鍵山:ものを持ったとき、触ったときの感触が、素手と手袋とでは全然違うからです。素手が最も感じやすく、髪の毛一本まで感じることができる。敏感な指先で感じるからこそ、問題に対処できて早く解決できるのです。
最初のハードルを越えられるか
──日本や世界各国の知らない人たちが使ったトイレを、素手、素足で掃除するのは、普通は抵抗があると思います。なぜ鍵山さんは平気なのですか。
鍵山:スポーツでも一度越えたハードルは、次に飛ぶときは簡単ですよね。最初のハードルを越えられるかどうかです。越えられない人は飛べない。飛んでみもしないで、飛べないだろうなあと眺めている。
──できれば眺めていたいです(笑)。
鍵山:とてつもなく汚いトイレがありますよ。中国のトイレはすさまじい。来年、また行きますけどね。
──中国のトイレ掃除に行ったきっかけは?
鍵山:広島の「掃除に学ぶ会」の方がYMCAの沖縄の校長と親しくて、そのYMCAの校長が中国の科技大学の先生と懇意だったのです。平成9(1997)年に科技大学のトイレと上海の公園を掃除しに、日本から40人ぐらいで行きました。
──そういうときの旅費はどうされるのですか。
鍵山:飛行機代も宿泊代も自腹ですよ。
──自腹でわざわざすさまじいトイレの掃除に行く?
鍵山:基本的に中国人は自己中心的で、人のことはどうでもいい、自分さえよければいい、という考え方の人が多い。だから水洗トイレでも、用を足した人が、なんで次の人のために水を流さなきゃいけないんだって出て行ってしまう。

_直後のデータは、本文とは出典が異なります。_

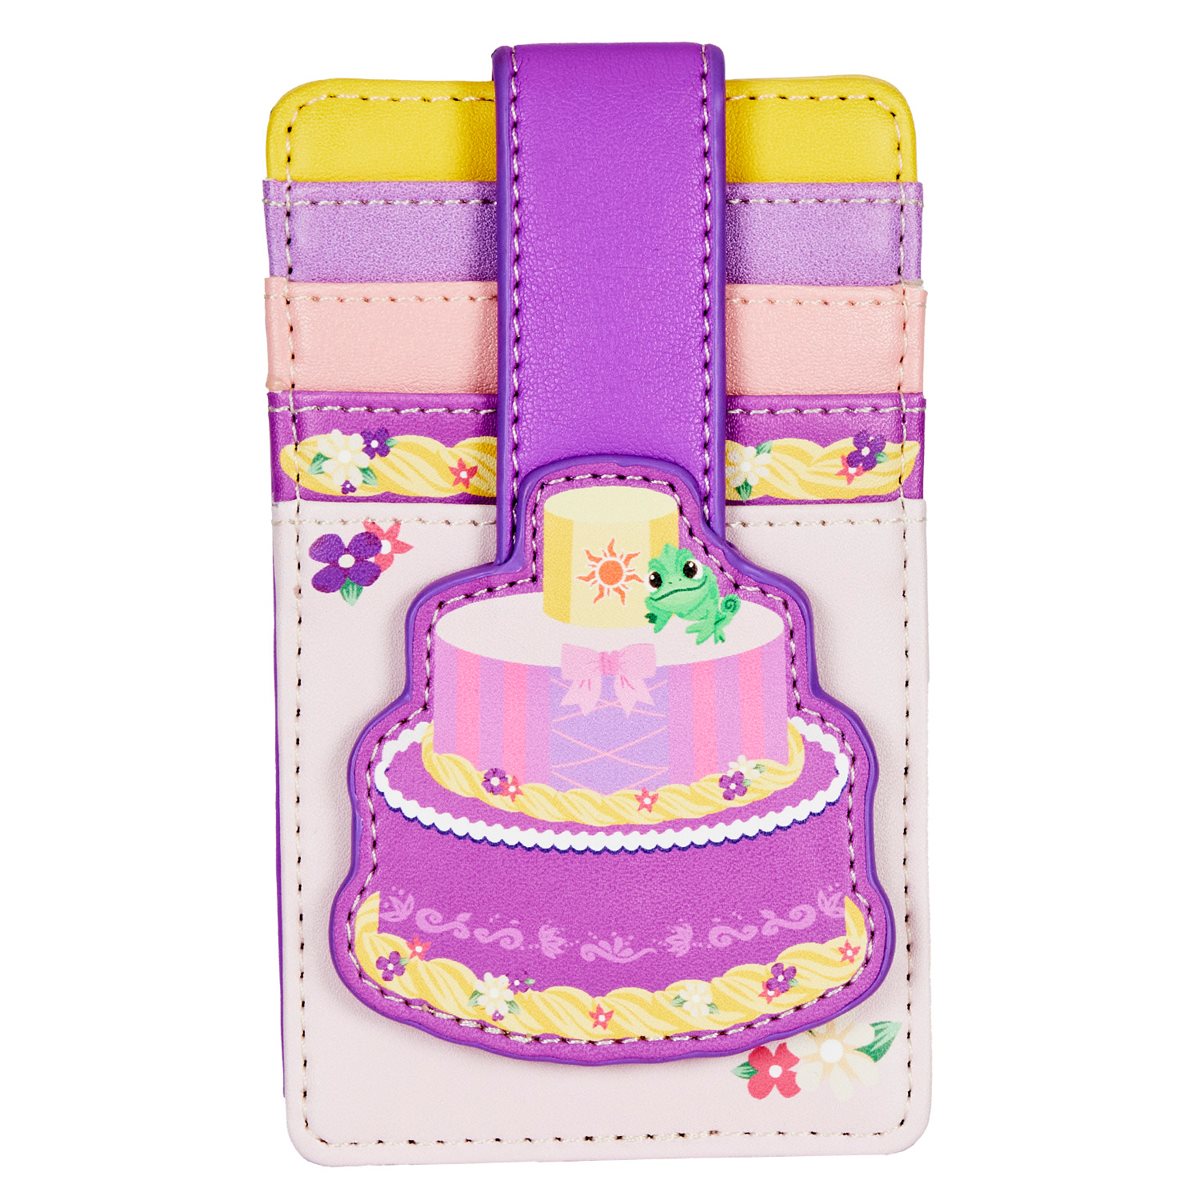 iphone 5c cakes

次に入った人は、なんで俺が、前のヤツがしたものを始末しなきゃいけないんだって、たまったものの上に用を足して出て行ってしまう。だから半端な汚れ方ではありません。
──ハードルが高い。
鍵山:しかし、一緒に行った「掃除に学ぶ会」の人たちや科技大学の学生たちが群れになって後ろから私を見ています。もうやるしかありません。山盛りの糞尿を素手で便器に押し込み、流しました。
──うーん。そういった活動が中国の方によい影響を与えているのでしょうか。
鍵山:毎年、チームで行っていますが、大学構内のゴミが減って、だんだんきれいになっていますよ。
ブラジルでは“最下層の仕事”
──ブラジルはどのような感じですか。
鍵山:初めて海外で掃除したのがブラジルで、発端は阪神淡路大震災でした。1995年1月に起きて、私は3月に避難所の学校に掃除に行ったのですが、そこにブラジルからボランティアの方が3人来ていたのです。私たちがトイレ掃除をしていたら、「どういう団体ですか」と聞かれて、説明すると「ぜひブラジルにも来てください」と。翌年2月にブラジルのイベラ・プエーラ公園のトイレ掃除に行きました。